Na primeira instância julgou-se a acção improcedente, por se não ter provado o empréstimo e por não se configurar o enriquecimento sem causa, decisão confirmada na Relação.

Apreciando.
O primeiro aspecto a relevar é que, na decisão sobre a matéria de facto (despacho de fls. 58 a 61), o Sr. Juiz fundamentou largamente as respostas dadas, tanto as positivas como as negativas.
No que respeita às respostas negativas (que são as que agora aqui importa considerar), o Sr. Juiz referiu o conteúdo dos depoimentos prestados - donde consta repetidamente (depoimentos das testemunhas DD, EE e FF) que o Réu pediu dinheiro emprestado ao Autor em 1994 ou 1995 e que este lho foi emprestando, a partir de então, em quantias diversas, por transferências bancárias para a Alemanha, e até perfazer qualquer coisa como 15.000 contos - e donde pareceria dever resultar, conjugados estes depoimentos (melhor: o teor destes depoimentos extractado pelo sr. juiz na fundamentação da decisão sobre a matéria de facto) com a prova resultante dos documentos de transferência bancária (fls. 5 a 14), se não directamente, pelo menos por presunções de facto ou de experiência, a realidade dos empréstimos alegados.
Mas o Sr. Juiz entendeu necessário que as testemunhas soubessem em rigor os quantitativos transferidos, a que título foi feita cada transferência e as condições do mútuo, para concluir pela prova dos empréstimos; motivo por que, também não julgando demonstrado o enriquecimento sem causa (porque não considerou provado que das transferências das referidas quantias tivesse resultado um enriquecimento para o Réu e empobrecimento para o Autor), julgou a acção improcedente.

Isto posto, a primeira constatação que cabe fazer é que este Tribunal não pode conhecer da matéria de facto fora dos casos excepcionais do art. 722º, nº 2 do CPC.
A segunda é que este Tribunal não pode censurar o não uso, pela Relação, das faculdades de modificar a matéria de facto nos termos do art. 712º do CPC.
Definidos estes parâmetros, prévios, mas fundamentais, e entrando já nas questões postas no recurso, agora se dirá que na al. a) do nº 1 do art. 712º do CPC duas circunstâncias se prevê que podem justificar a alteração da matéria de facto pela Relação:
a) constarem no processo todos os elementos de prova que serviram de base à decisão sobre os pontos da matéria de facto em causa;
b) ou se, tendo ocorrido gravação dos depoimentos prestados, tiver sido impugnada, nos termos do art. 690-A, a decisão com base neles proferida.

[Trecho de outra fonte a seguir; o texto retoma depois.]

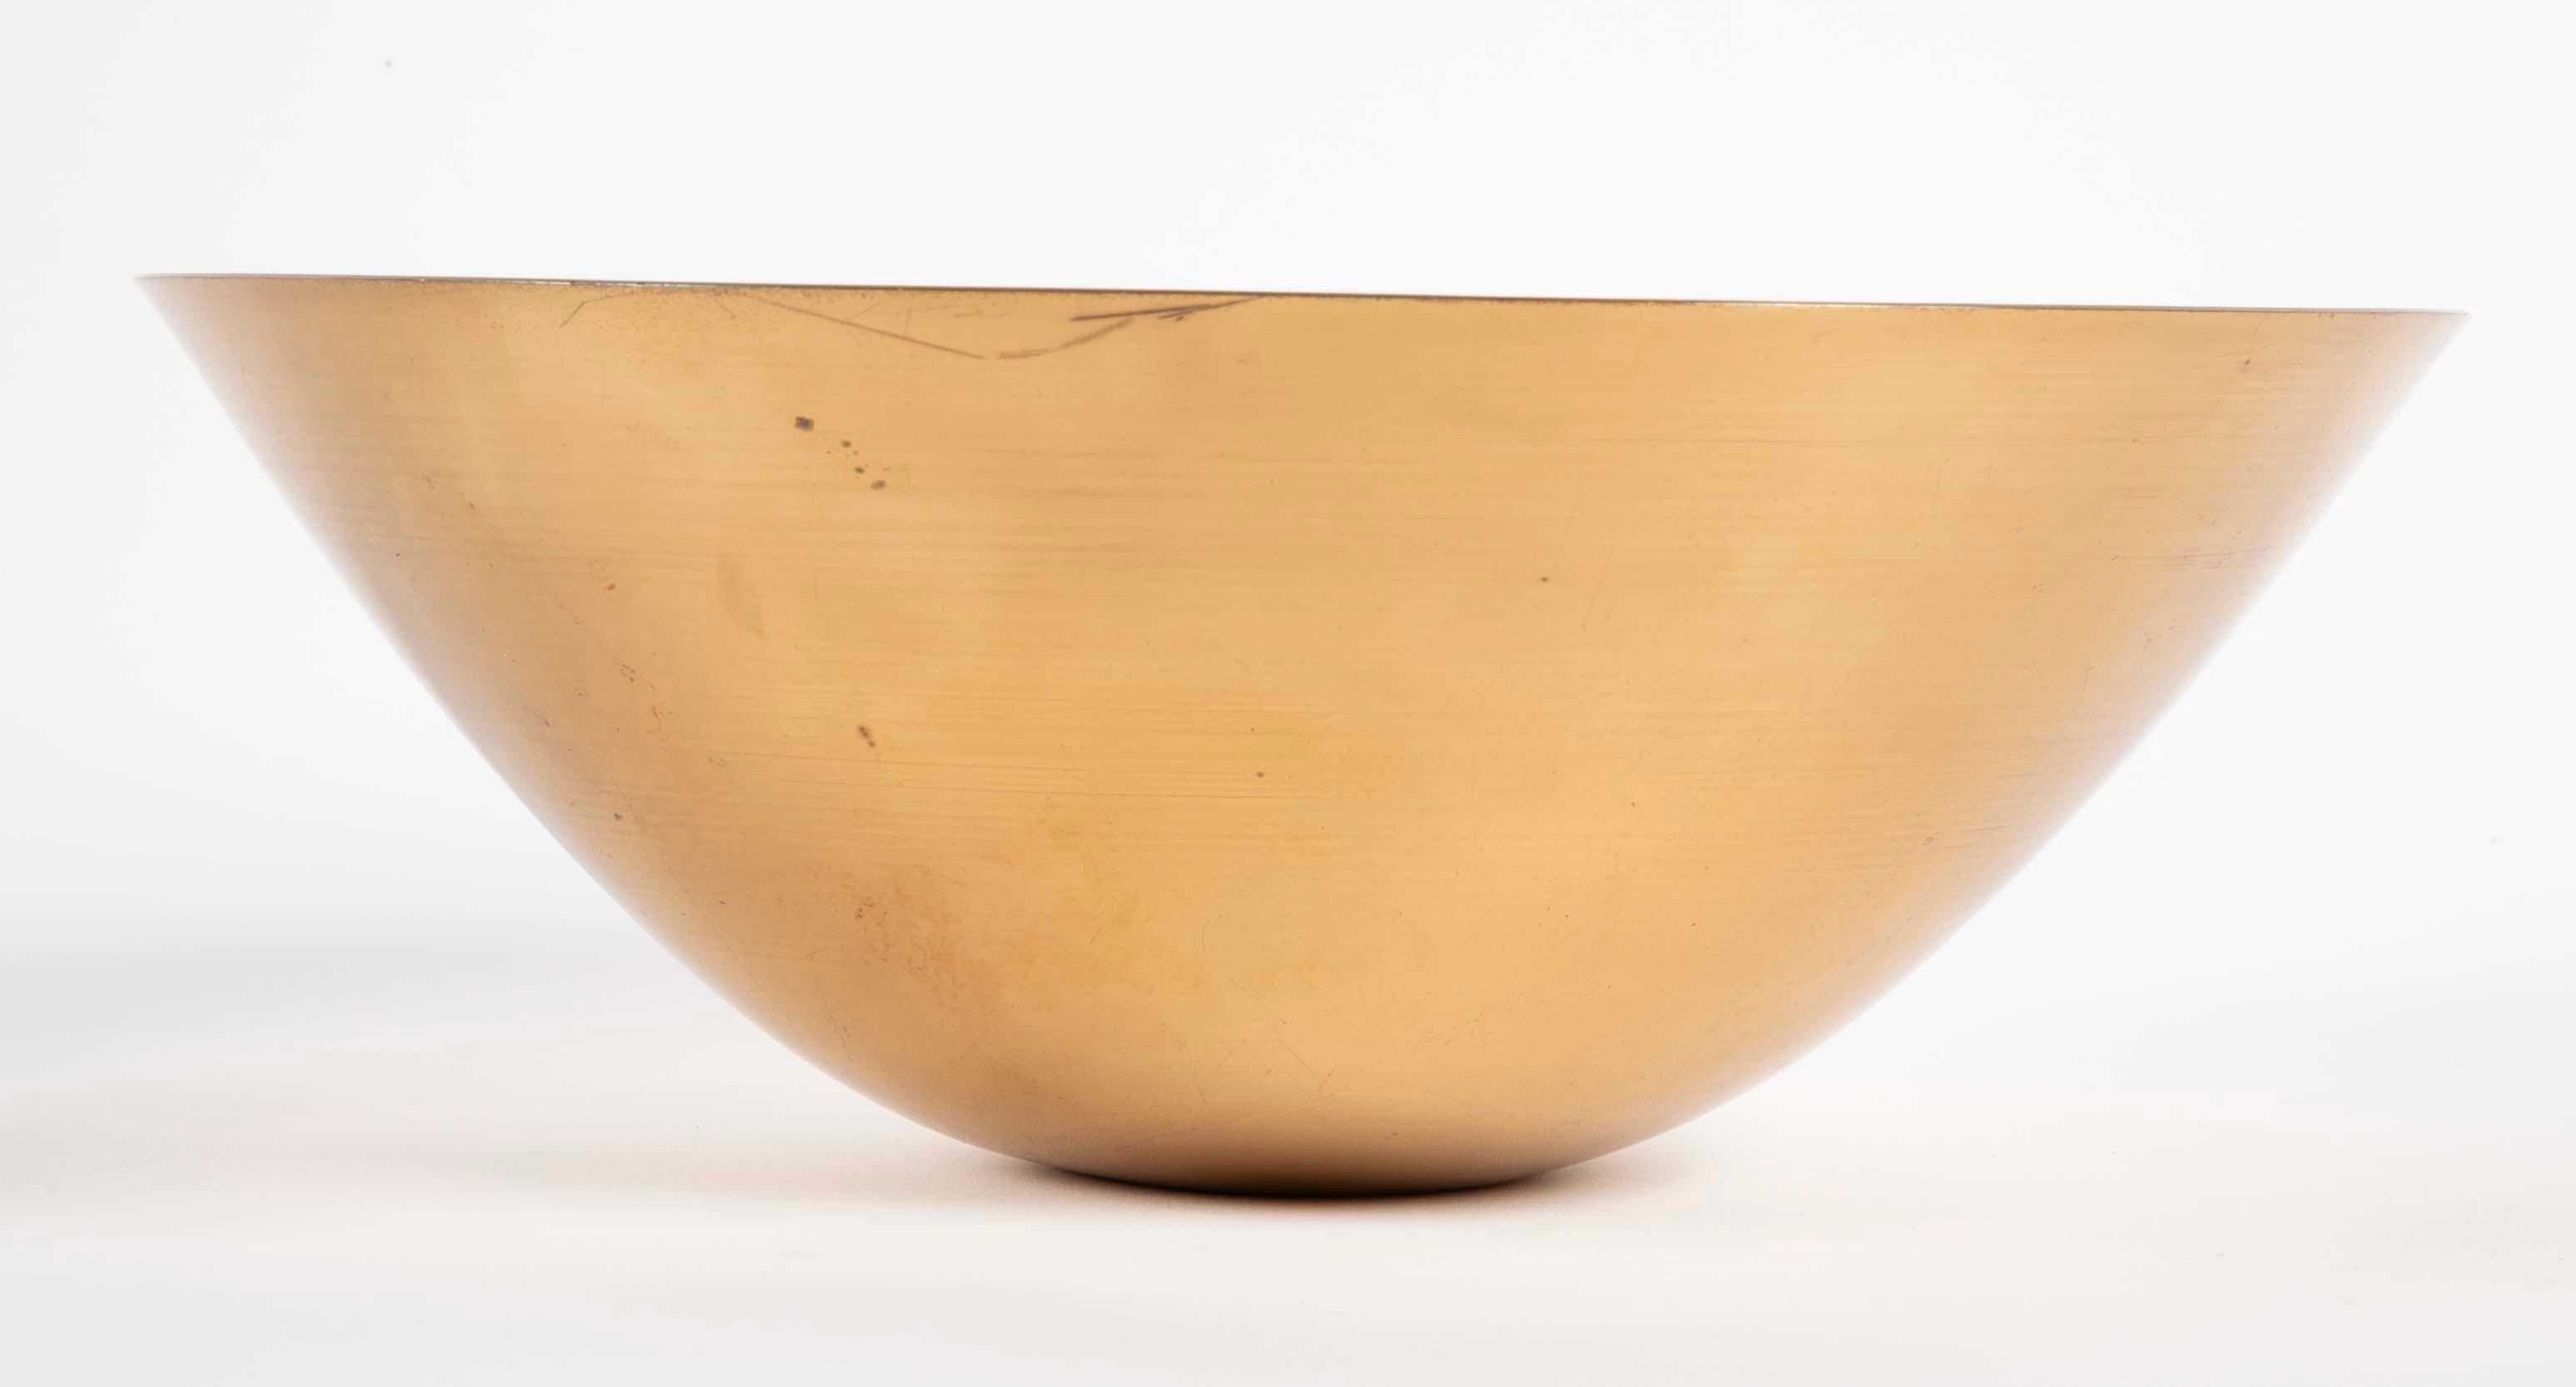 A signed, hand spun brass flared bowl by Ronald Hayes Pearson. (American. 1924 - 1996).

Ora, parece claro que, ao referir "constarem do processo todos os elementos de prova que serviram de base à decisão sobre os pontos da matéria de facto", não quis o legislador referir-se ao que o Juiz faça constar da fundamentação da decisão sobre a matéria de facto, no quadro do art. 653º, nº 2 do CPC, uma vez que não é aí que se extracta o teor da prova feita.
Tratando-se de prova testemunhal, como é o caso, a extractação pode constar, ou de depoimentos escritos, nos casos em que isso seja possível ou devido (art.522-A, nº 1 do CPC), ou de depoimentos gravados, se oportunamente tiver sido requerida a gravação (art. 512º, nº 2, 522º -A, B e C do CPC).
Como sabemos, as partes não requereram a gravação dos depoimentos a prestar em audiência, motivo por que, não constando eles da acta nem tendo sido gravadas, não podemos saber qual o seu sentido ou total extensão, visto que a fundamentação das respostas feita pelo Juiz tem diversa finalidade e pode até nem referir a totalidade do teor do depoimento.
Portanto, a Relação não pode alterar a matéria de facto, nos termos do art. 712º, nº 1, a) do CPC, com base na fundamentação feita pelo Juiz, quando respondeu à matéria de facto, nos termos do art. 653º, nº 2 do mesmo CPC.
No entanto, o Tribunal da Relação não julgou o recurso improcedente com o fundamento de os depoimentos não terem sido gravados, mas com o fundamento de os factos provados não chegarem para a procedência.
(Por outras palavras, o que o tribunal da Relação disse foi que não podia alterar as respostas, nos termos o art.712º, nº 1, a) do CPC, porque os depoimentos não tinham sido gravados - o que, no caso, quer dizer que não dispunha de todos os elementos de prova que serviram de base à decisão sobre a matéria de facto).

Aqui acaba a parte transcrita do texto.